A slim, tall man aged anywhere between 30 and 4o years opened the door of the counselling room and with his hands on her shoulders, steered a girl into a seat adjacent to me, with an air which said ‘ I am with her but I don’t have the illness/ this is your life’. She was very young and you could tell even though she had her hair shorn that she was very pretty. The look on her face and the air around her was disbelief. The counsellor told me to take a seat aside while she spoke to her. Truth be told, I strained to hear their very hushed conversation, not out of nosyness but out of pity. She said she was 15, the counsellor asked her if she had heard of HIV, I did not hear her answer but her reaction made the counsellor say, but that’s why you are here. The expression on her face almost moved me to tears. I was too happy to leave when the counsellor pleaded that I give them a moment. Outside I wondered about the psychological options for a little girl diagnosed with HIV, wondered if she would be ostracised. Wondered about the man who brought her in and if he was responsible for the transmission, if he had been sleeping with her because I have seen such crazy things happen.

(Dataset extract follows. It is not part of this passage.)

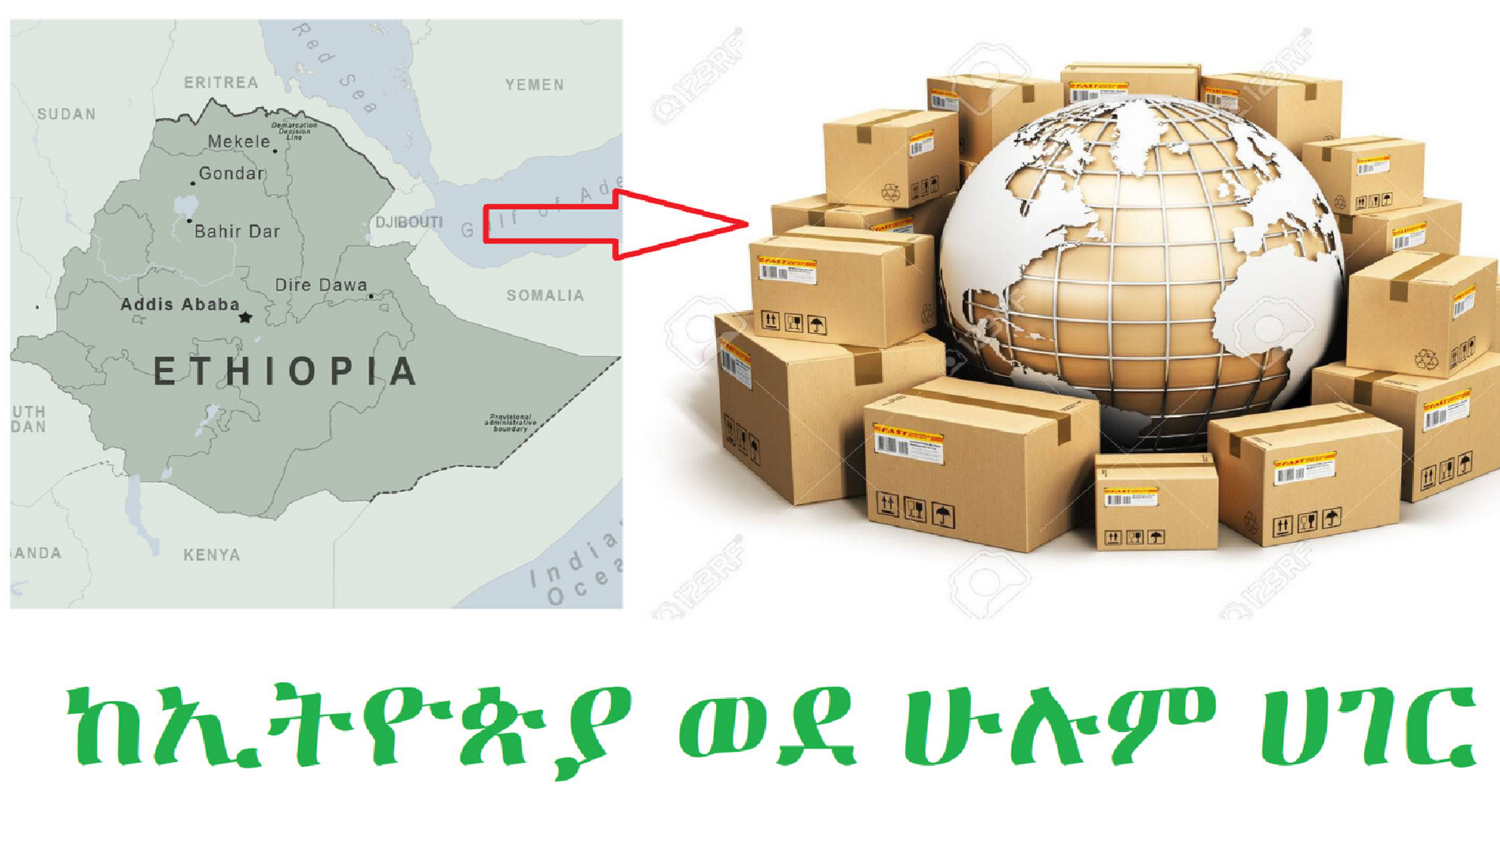 ከኢትዮጵያ ወደ አሜሪካ/ካናዳ/አውሮፓ/ሌሎች ሀገሮች የመላክ አገልግሎት Shipping service from Ethiopia to USA/Canada/Europe or all countries 6 to 10 days - ship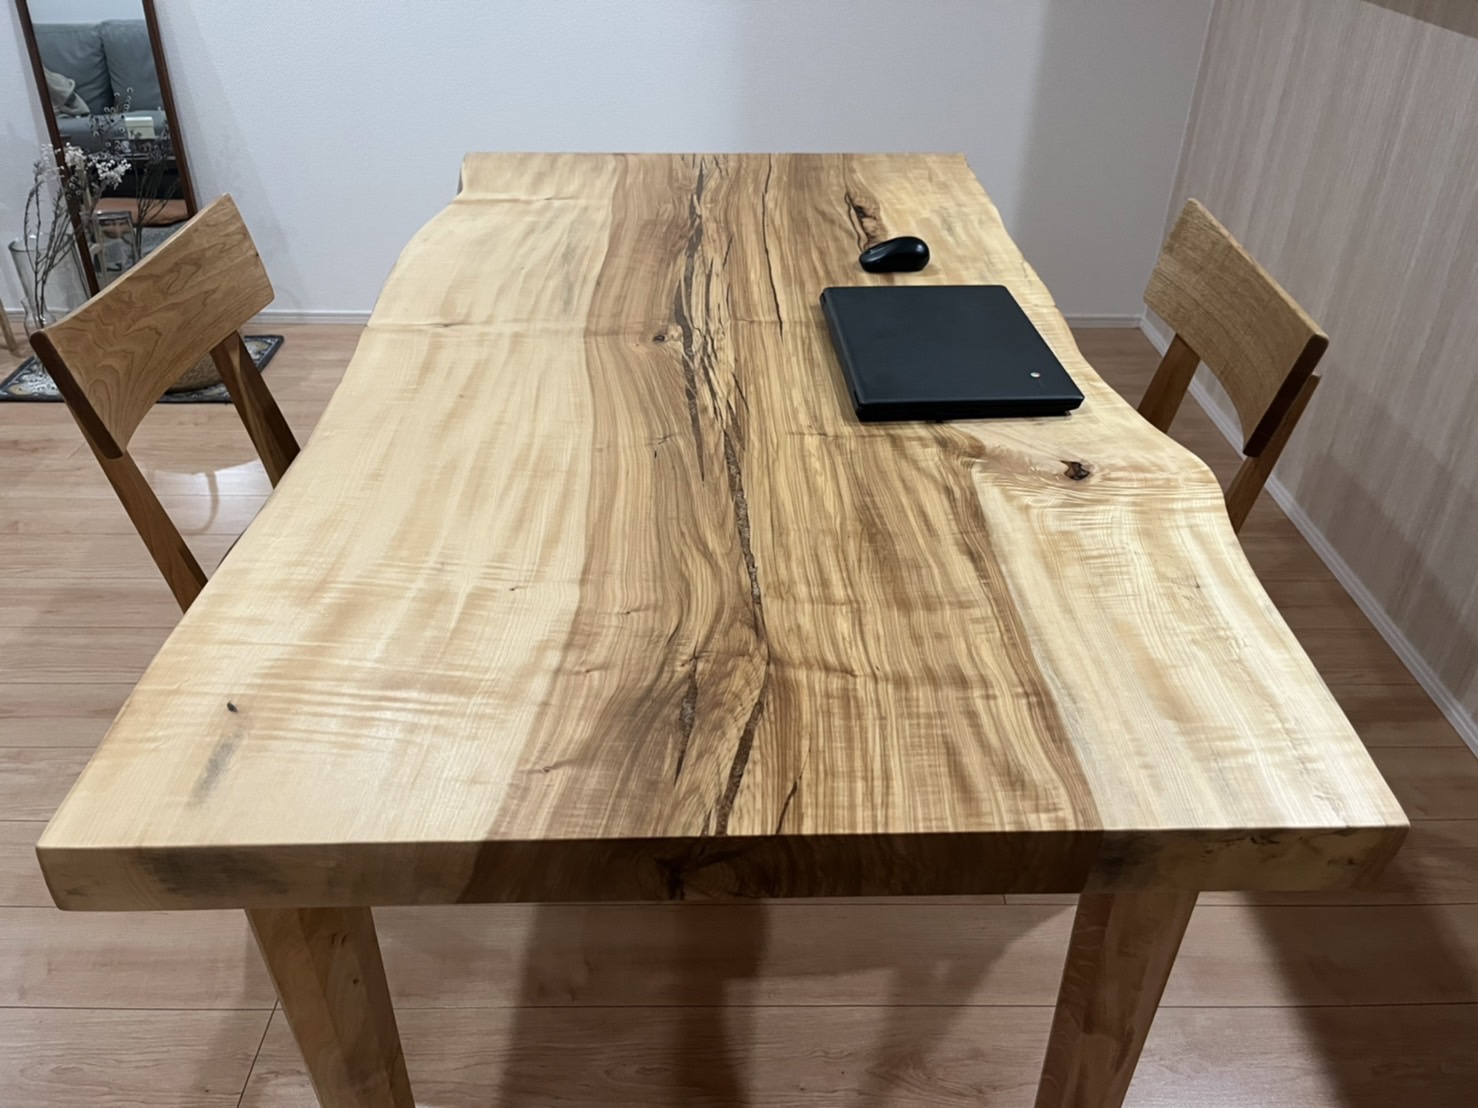 栃の木の一枚板のダイニングテーブル。僕のブログ作業場。 | きなこブログ

A few minutes later it was my turn to go back in and the counsellor just asked me some questions to ensure I would stick to my treatment and consultation routine, and sent me off. I was then free to go. But not before the attendant hurried after me and handed me his phone number telling me to text my card number and my name the evening before my next appointment. Afterwards he asked me when I wanted the test results to be ready, I said as soon as possible, he said ‘then you know what that means, since this is Nigeria’ so I asked him if it wasn’t meant to be ready before my next appointment. He agreed that it was, so I said I would wait for it. He then told me giving money to people was like giving alms, it wasn’t because I necessarily needed anything from them. (Eyes rolling). Anyway, suffice it to say I parted with 1500 naira that day. My next appointment was a week away.